In Simpson v. Simpson ,680 So.2d 1085 (Fla. 4th DCA 1996), the 4th DCA reviewed a case similar to Gingola. Appellant argued that the Gingola formula was unfair in that it didn’t take into account adequately that the child support obligations of the parties stemming from a split primary residence situation were more than the amount for the combined children. The trial court agreed and created a different formula using the guidelines for the number of children with each party rather than the combined children. Appellant argued that the formula used by the trial court was irrational since you got to a different result depending on which parent’s support was first calculated.

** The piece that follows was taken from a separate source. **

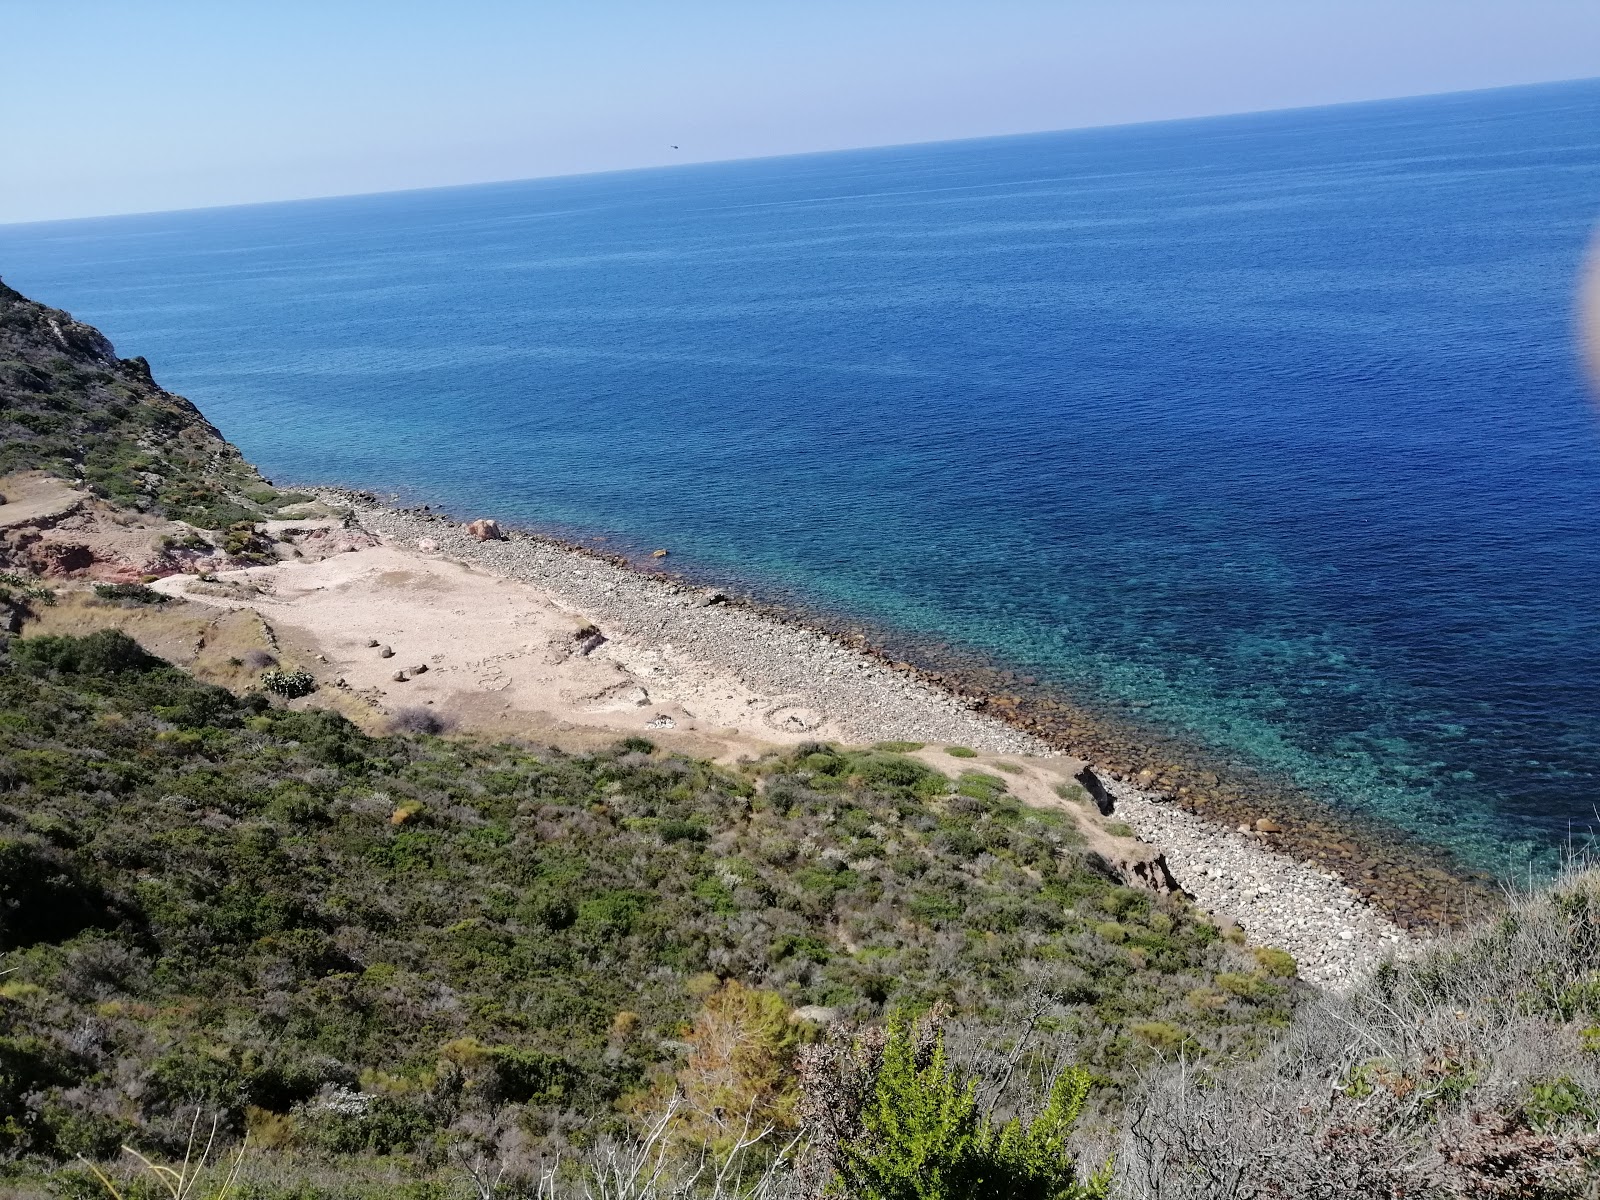 Foto von Spiaggia della Calcara mit steine Oberfläche

The majority opinion affirmed the trial court’s resolution of the child support issue through the creation of its own formula, and resisted the suggestion presented in the dissent to adopt a revised formula saying:
In reviewing this final judgment of dissolution, we affirm both the provision requiring the father to pay $788 per month in child support for those children residing with the mother, and the corresponding provision requiring the mother to pay $339 per month in child support for the child residing with the father.
We conclude that the child support guidelines do not speak to the circumstance in which 3 children are split between their parents, who have nearly comparable incomes. If the guidelines do not cover this circumstance, as both parties and the dissent seem to agree, we think it impossible to contend that there has been an unwarranted deviation from them. See § 61.30, Fla. Stat. (1995). A trial judge cannot logically be accused of deviating from a standard that by its own terms does not purport to apply to the facts. We thus recur to the rule of discretion that governs dissolution of marriage cases. See, Canakaris v. Canakaris, 382 So. 2d 1197 (Fla. 1980)....
On the other hand, if the trial judge had employed the dissent's suggested method, we would not find its usage an abuse of discretion. A trial judge would certainly be free to apply the suggested method when the judge finds the circumstances appropriate to do so. (Emphasis added).Unless it is adopted by the legislature as part of section 61.30, however, we are unable to agree with the dissent that it is the exclusive method available to the judge who is faced with separating the custody of 3 children between 2 parents with roughly equivalent income.
There is still no statute on split custody cases and case by case analysis by needs and abilities analysis or one of the approved formulas continues in this type of matter.
However, as noted above the Legislature codified a formula approach for cases where the children spend a substantial period of time with each parent. If your case meets this definition the formula will provide the probable answer. But if you are close but not 40% or there are differing arrangements for different children or if you the primary is split and some children are in a substantial time share arrangement and others are not case by case analysis by needs and abilities analysis appears to still be the formula for determining how much, if any, child support should be paid by one parent to another. Remember parents pay child support out directly for their children and through the other parent and both contributions must be considered in reaching the proper amount.